# **TITLE**
### Author : Andrea Grecu

## **Background | Pūtake**

Orr et al., (2020) described a phylogenomic method to measure somatic mutations within a phenotypically mosaic plant individual and further predict the somatic mutation rate within that individual. Both the bioinformatic workflow (*aka. pipeline*) and inputted data used are open-access and found within the orginal journal publication linked below.

[Orr et al., ORIGINAL!](https://www.ncbi.nlm.nih.gov/pmc/articles/PMC7126060/)

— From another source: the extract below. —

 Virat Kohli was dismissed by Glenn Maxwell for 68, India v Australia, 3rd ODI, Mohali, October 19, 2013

The original pipeline created by Orr et al., (2020) was published within a github repository utilizing many bioinformatics tools which cumitavley written in  5+ programming languages. The suggested method to replicate this pipeline is via using the makefiles provided.

### Āheitanga

***While the original pipeline is open access, it is not particulary user friendly.***

Computational methods within bioinformatics often fall short in reproducbility due to insufficient or inacessible documentation (Birmingham, 2017). It is imperative to the progression of bioinformatics research that an effort is made to produce interactive methods which are accessible to a wider audience with limited computer literacy. 

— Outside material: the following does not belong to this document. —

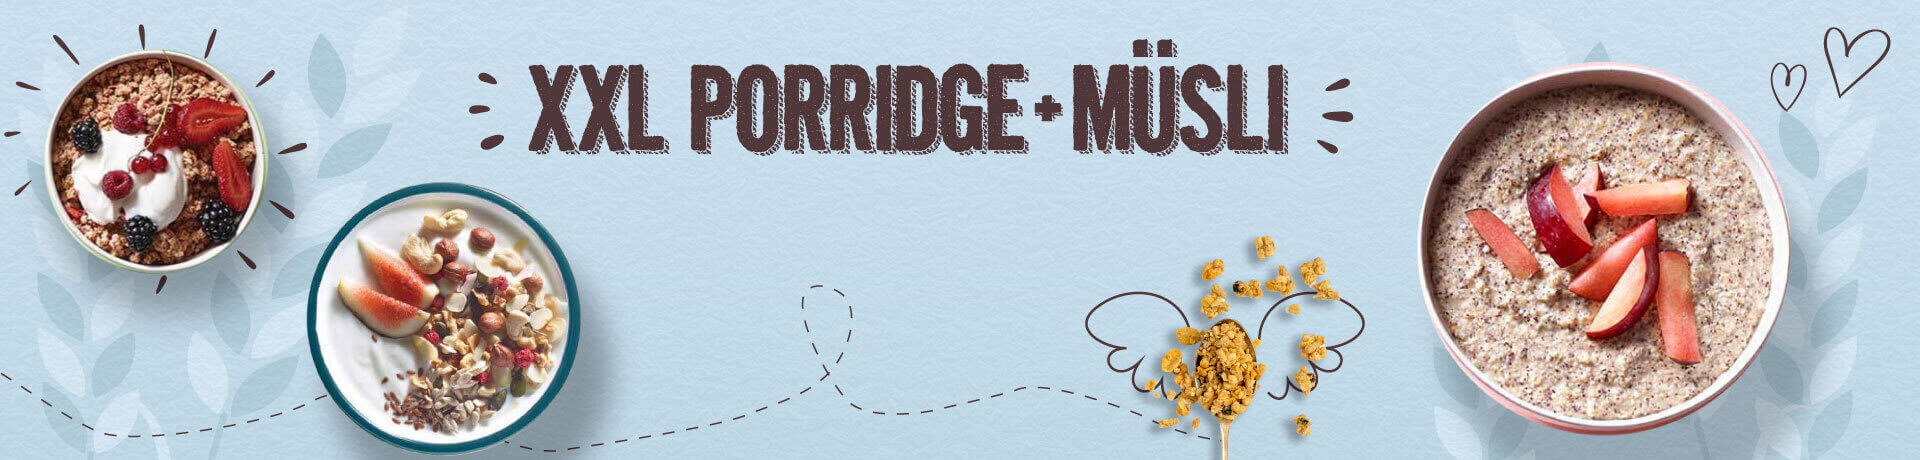 Acheter un grand paquet de Porridge & Muesli en ligne Verival

> ### Thus, the purpose of this notebook is to provide an easy to follow replication of the original pipeline created by Orr et al., (2020) to detect somatic mutations. 
>The notebook provides a *computational narrative* incorporating inputs, outputs and easy to understand explanations of each step. 
> By detailing the assumptions,logic, necessary input data and expected ouput this notebook should enable this pipeline to be applied to a new set of collected data.


## **Pipeline Technological Limitations | Tepenga**

Considering this pipeline utilizes many (24+) whole genome reads, it requires great computational capacity which restricts the technology which it can be succesfully run on.

While some changes can be made to the scripts to adapt for different RAM and thread values of your device, it is not recommended to run this pipeline on a device with capacity much lower than the default (*as this will likely take a very long time to run and much of the memory of your device*). 

> ### Default Capacity
> **RAM = 64 GB**
>
> **CPU = 20 Threads**




## **Required Software Installation |  Tāuta**

Prior to running this pipeline, the appropiate software's must be installed. 
This can be done directly within this notebook by running the cells below.

#### Bioconda 
Most of the packages used further along in this pipeline are provided via the **Bioconda** channel (package manager). 

More information about bioconda can be found [here](https://bioconda.github.io/)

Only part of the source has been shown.